Super 8 (2011) – 2.5/5
A hoakey, forced mess of a film with occasional touches of creativity and cleverness, mostly in the first act, and mostly in scenes not involving the stupid alien subplot that unfortunately drives most of the story after it’s introduced. Good acting, though, especially from Elle Fanning who is almost as good as her sister and has a successful career ahead of her, I predict, and Kyle Chandler of “Friday Night Lights” fame who was born to play the role of the angry over-protective father. He’s another one to watch. Acting aside though, this is not a good movie.
There is not a genuine bone in this movie’s body. Everything feels so artificial. The beginning first 30 minutes or so are pretty good, to the point where I was actually enjoying what I was seeing, but after the ridiculously over the top CGI train crash sequence things just start going to hell. The very concept of this film is silly, and, ultimately, doesn’t work for me. Even while watching the trailer for this film I remember thinking how stupid of an idea it was; it’s just too disjointed, too needlessly complex, and, ultimately, not very interesting. It’s the type of concept that may work on paper, or maybe as a short story, or even as a novel, but as a film? No.
The group of kids bickering back and forth incessantly was also incredibly annoying. Fanning was good, the best, and really helped ground the film whenever she was on-screen. You can see why the main character would fall for her; she has this maturity and world-weary essence about her that is extremely magnetic, and is the type of actress who can speak volumes about her character with just a glance. A mark of a great actress. A shame she wasn’t the main character as that probably would have made for a much better film.

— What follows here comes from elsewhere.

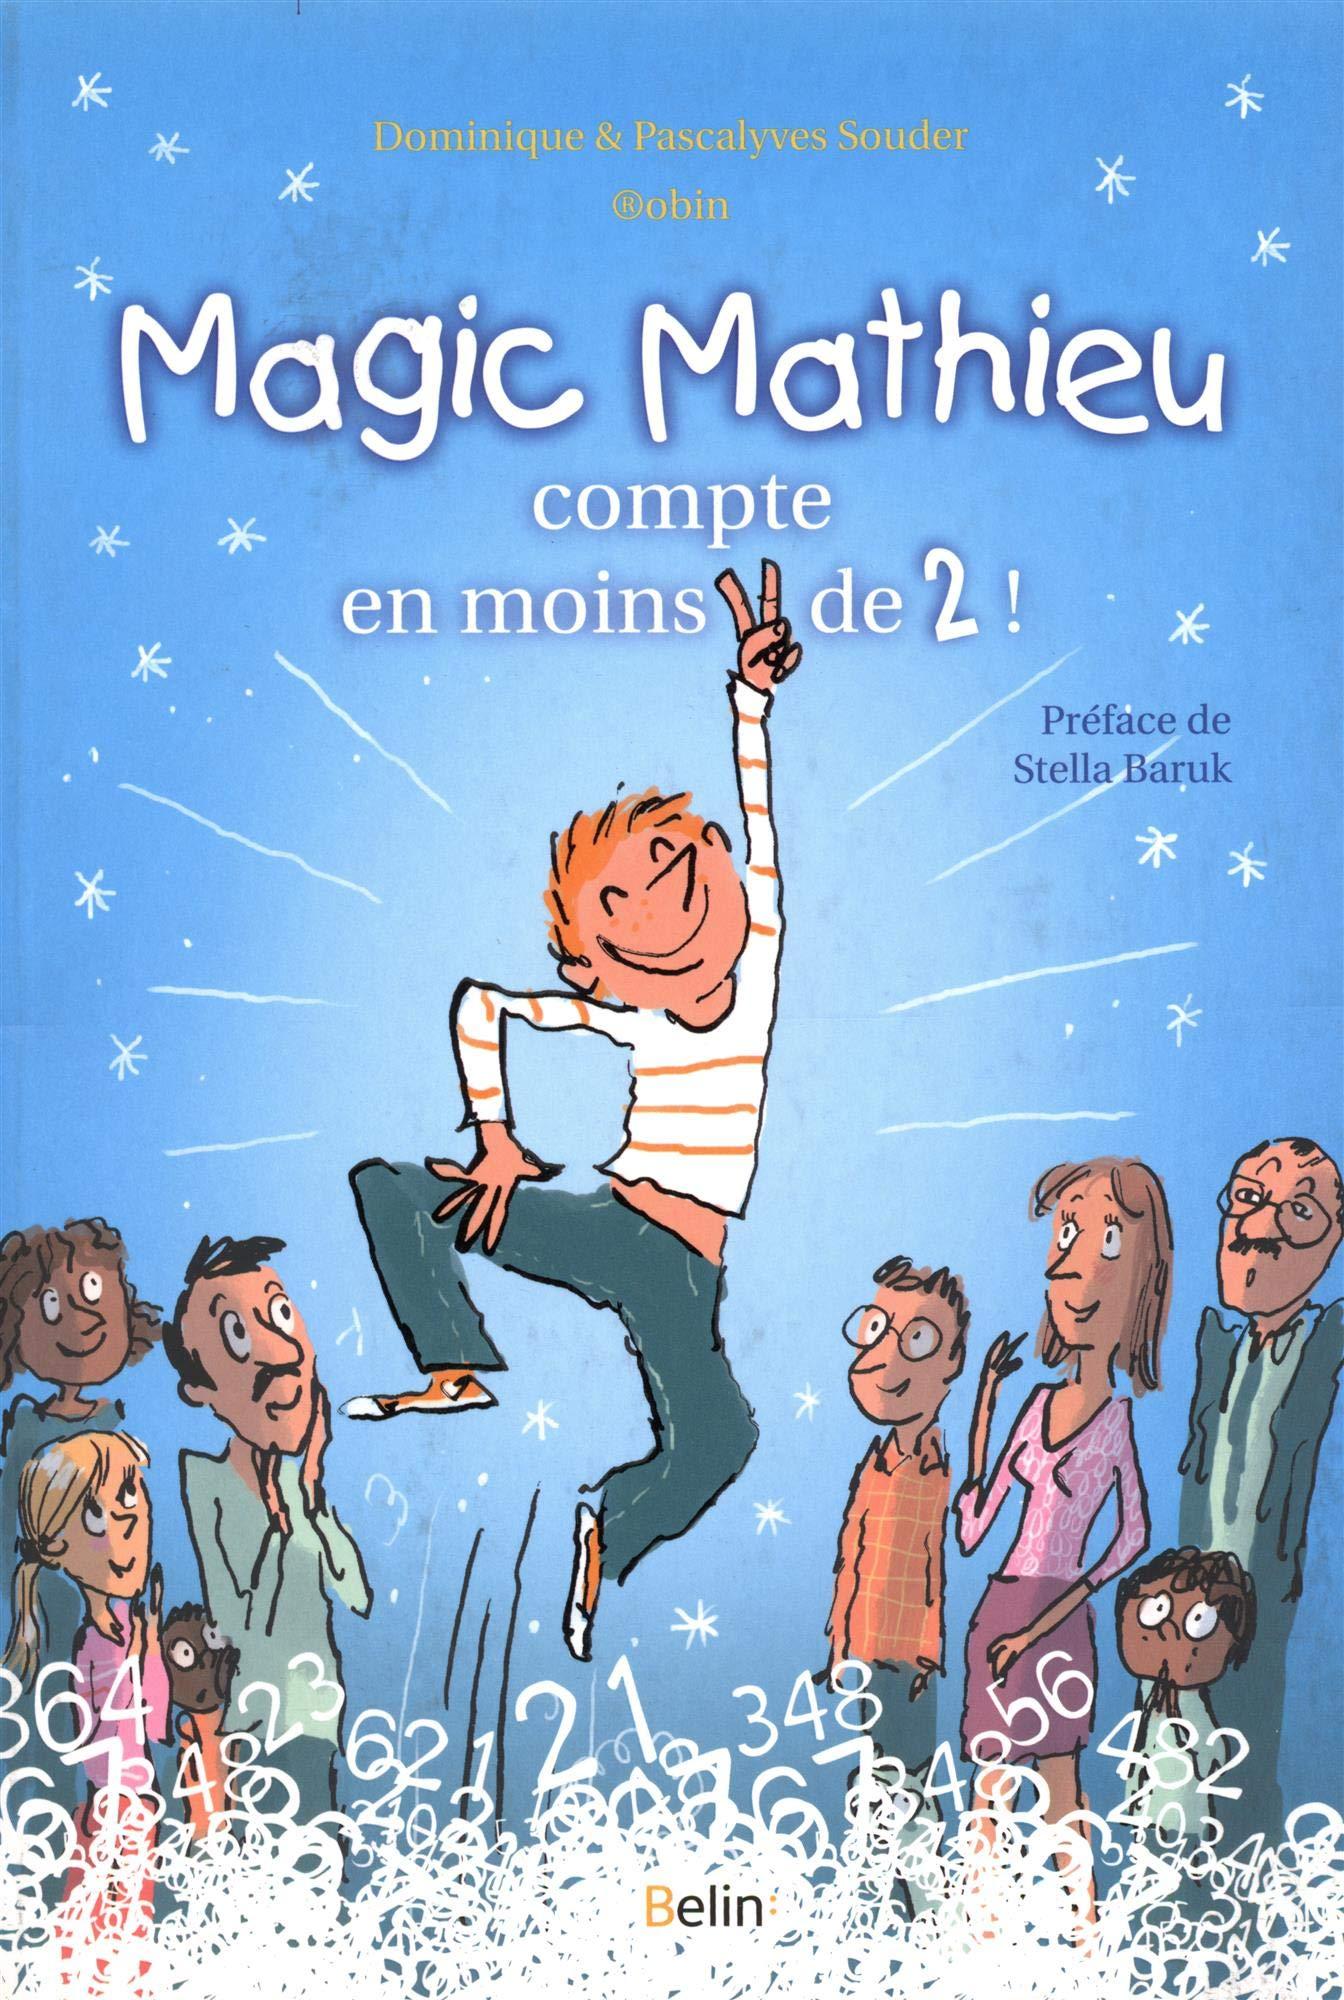 Magic mathieu compte en moins de 2 ! por Dominique Souder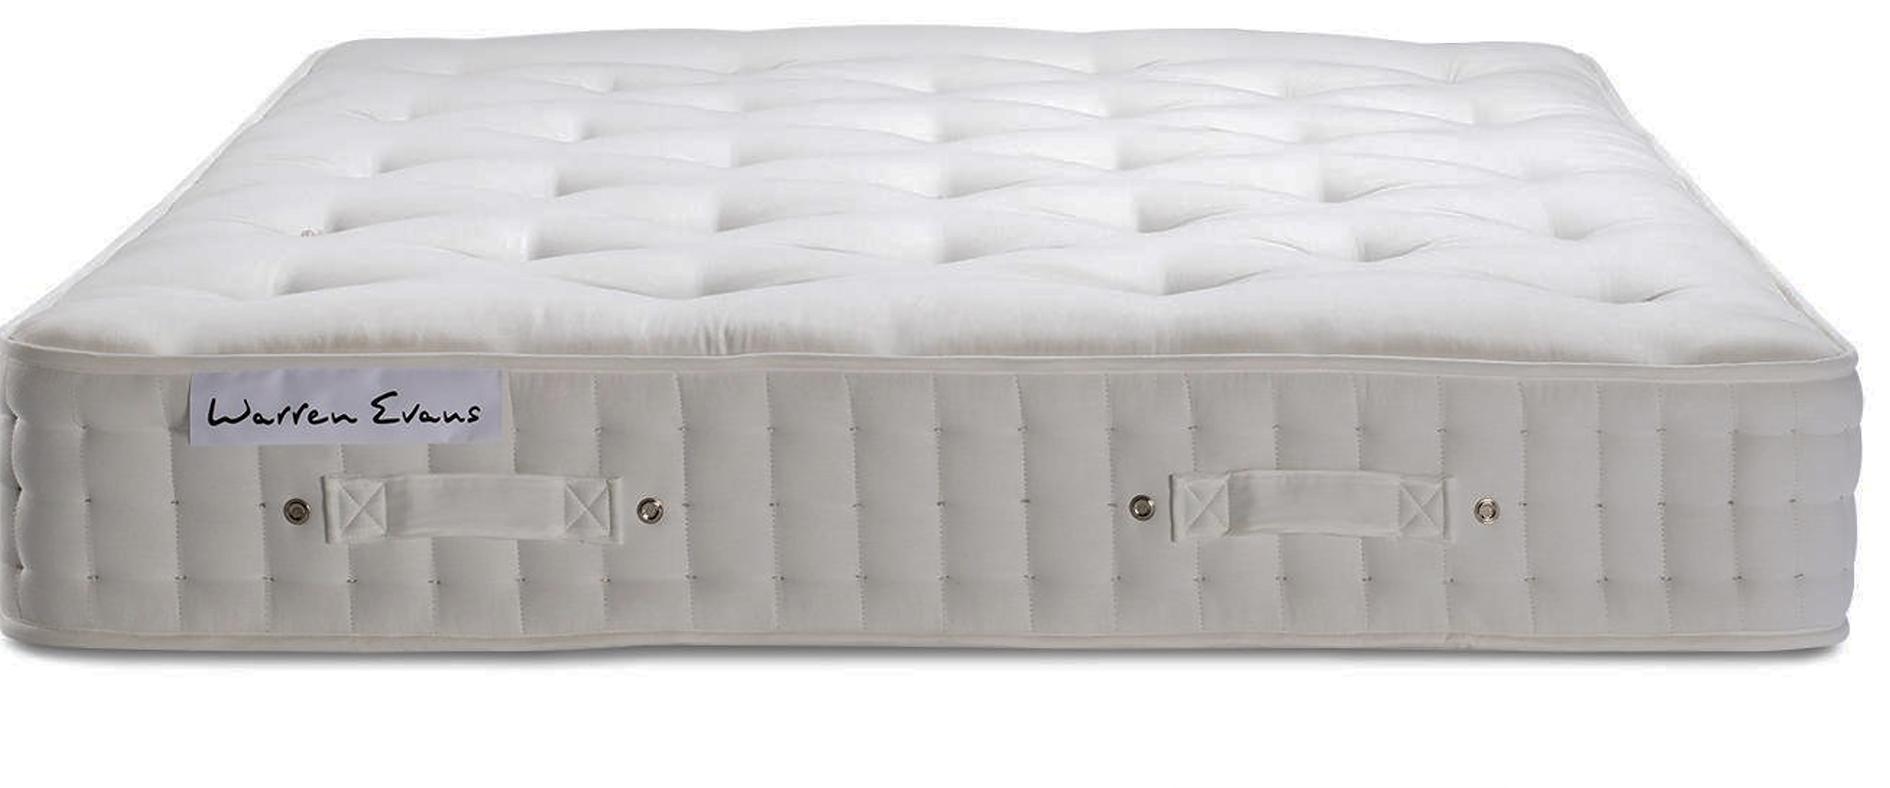 Warren Evans 6000 organic wool mattress, top to its mattress range. It's firm but sink-unable

The real issue though, as I mentioned before, is the story. It’s just not interesting, and often too convoluted for its own good. Most of it doesn’t even work. Maybe if it had been handled by a better director, or written in a more unique, less artificial manner, or even edited more smoothly, they could have pulled it off. As it stands, though, some scenes were just terrible, namely any scene involving Fanning’s father, especially the one near the middle where he ***SPOILERS*** yells at her for having snuck out of the house and she ends up running off and he has to chase after her with his car. **END SPOILERS** What an awful scene: written, directed, acted, just everything. Terrible. I didn’t believe it for a moment.
And the reveal of why her father and the main character’s father, Kyle Chandler, don’t like each other was so idiotic, as was the eventual resolution to that conflict. Come on. Ugh. And what’s with all the stupid lens flares all over the place? I can understand doing it once, maybe, during some cool alien stuff, but in every freaking night scene involving lights? No one editing this movie thought it might be annoying to constantly blind the audience whenever a light was turned on? And don’t give me any of that “director’s stylistic choice” crap; the effect has no meaningful purpose and only serves to annoy the hell out of the audience. It doesn’t even look good.
Overall, not a good movie. At times quite terrible, and at others, merely okay. The beginning was pretty enjoyable at least, the acting was good, and the special effects were decent, except for the stupid lens flare effect which should be destroyed now and forever for the sake of all that is good and decent in the world. The film is a good example of how you can’t force sentiment and nostalgia by just repeating scenes from other films and hoping for the best. You need a good story, good characters, good writing, and good direction, all of which this film lacked. Don’t watch.